Abnormal Security’s James Yeh wrote this medium post here. Read the full story below.
Abnormal has a data-driven culture that permeates the entire organization, from the engineering team to product, sales, and beyond. We make decisions by analyzing data monitoring relevant metrics.
For online analytics we use a great tool call Grafana, an open-source analytics and monitoring solution that can connect to a variety of data sources.
Different teams build their dashboards to serve their unique needs. The types of charts we have range from systems stability monitoring to product performance metrics to business metrics. The data that feed into these disparate dashboards come from a wide range of sources, including traditional SQL databases and time-series databases like Prometheus and more.
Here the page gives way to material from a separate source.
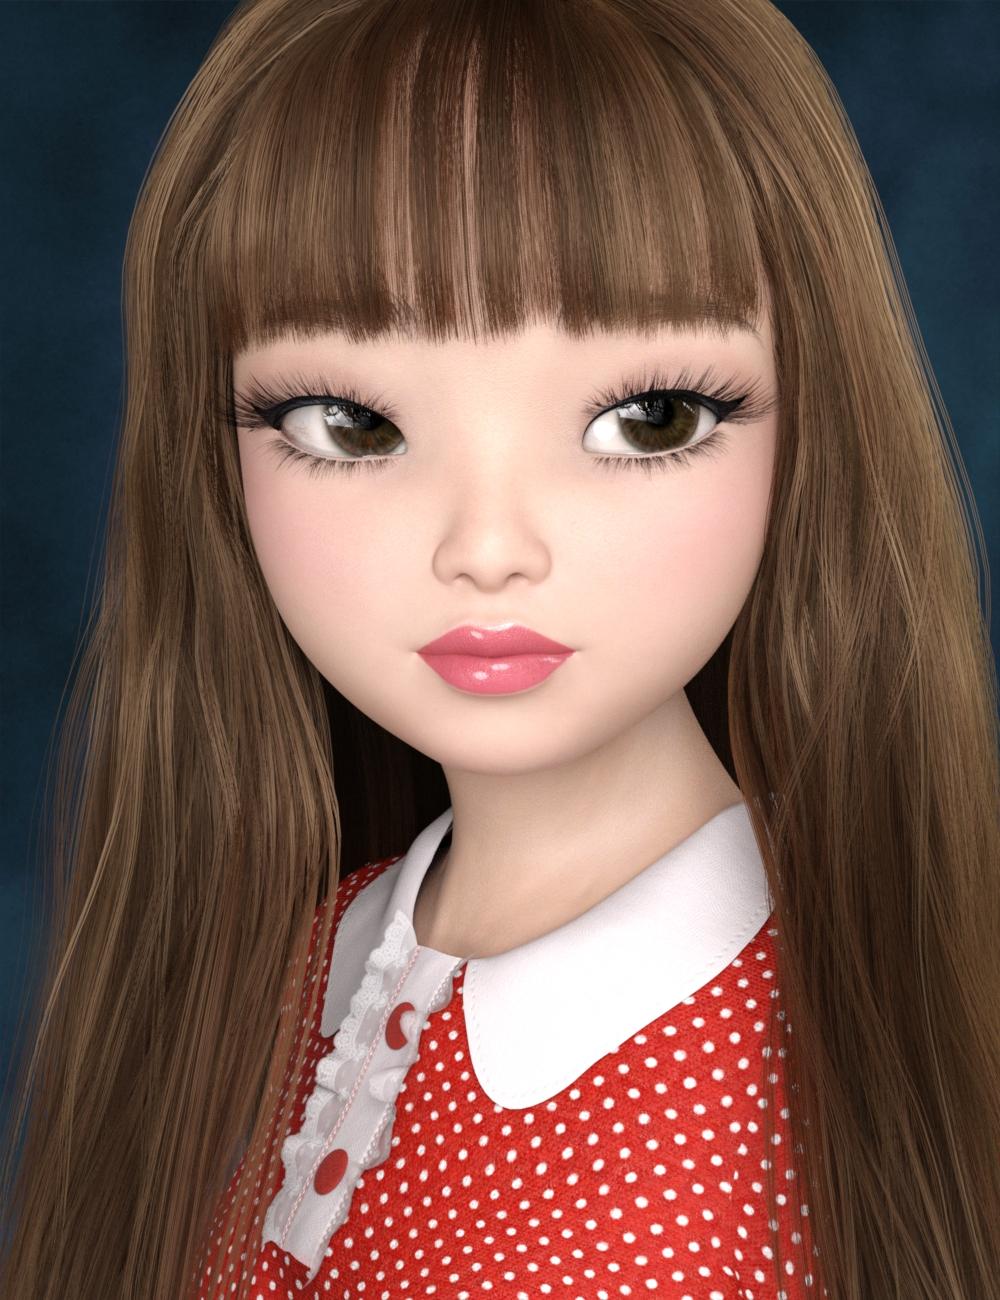 Brigitte for Bugga Boo by: Tsukikawa, 3D Models by Daz 3D

A conventional SQL database is central to our organization and is one of the most important and used data sources for our Grafana charts.
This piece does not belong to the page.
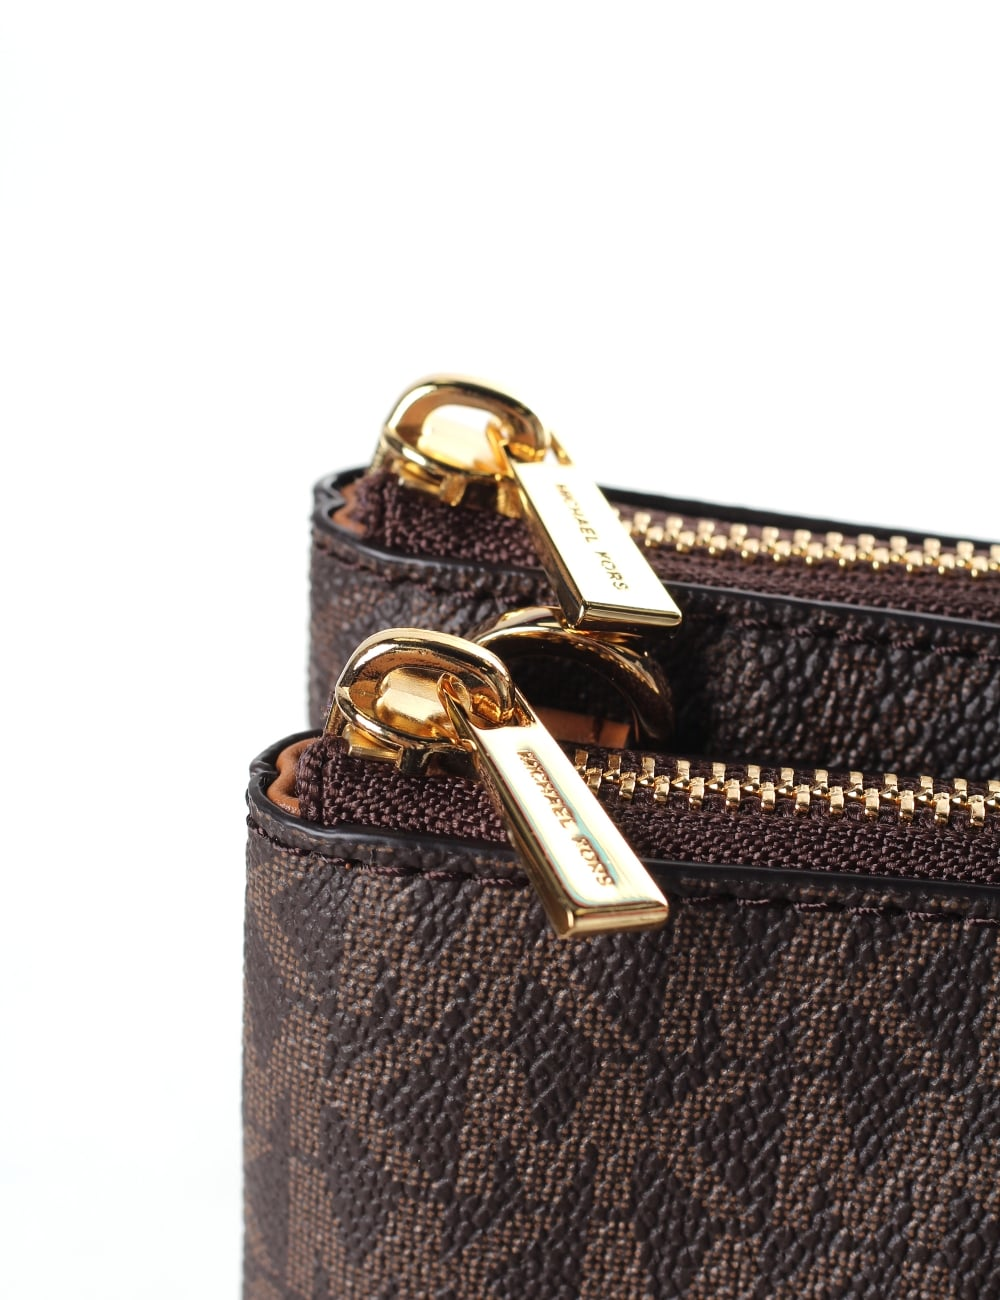 3a92657c7c1b20 Michael Kors Women's Adele Double Zip Crossbody Bag

A hyper-growth company naturally has growing pains. Some of the dashboards set up in the early days that were initially snappy were becoming slower and slower. For a long time, we decided to kick the can down the road and just put up with long load times for some dashboards. Like many startups, we always have more to do than we can take on and this seemed like a lower priority item. While the fifteen minutes it took to open these dashboards was just an annoyance, it had a distinct perk of providing a great coffee break in the morning. Finally, one day, some of them started to timeout entirely, which prevented users from viewing the data. Not having access to metrics can cause a lot of anxiety. Without metrics, we were essentially flying blind. We still needed them fixed ASAP. Therefore, we started investigating the issue and found a short-term solution that will give us 6 to 12 months of runway.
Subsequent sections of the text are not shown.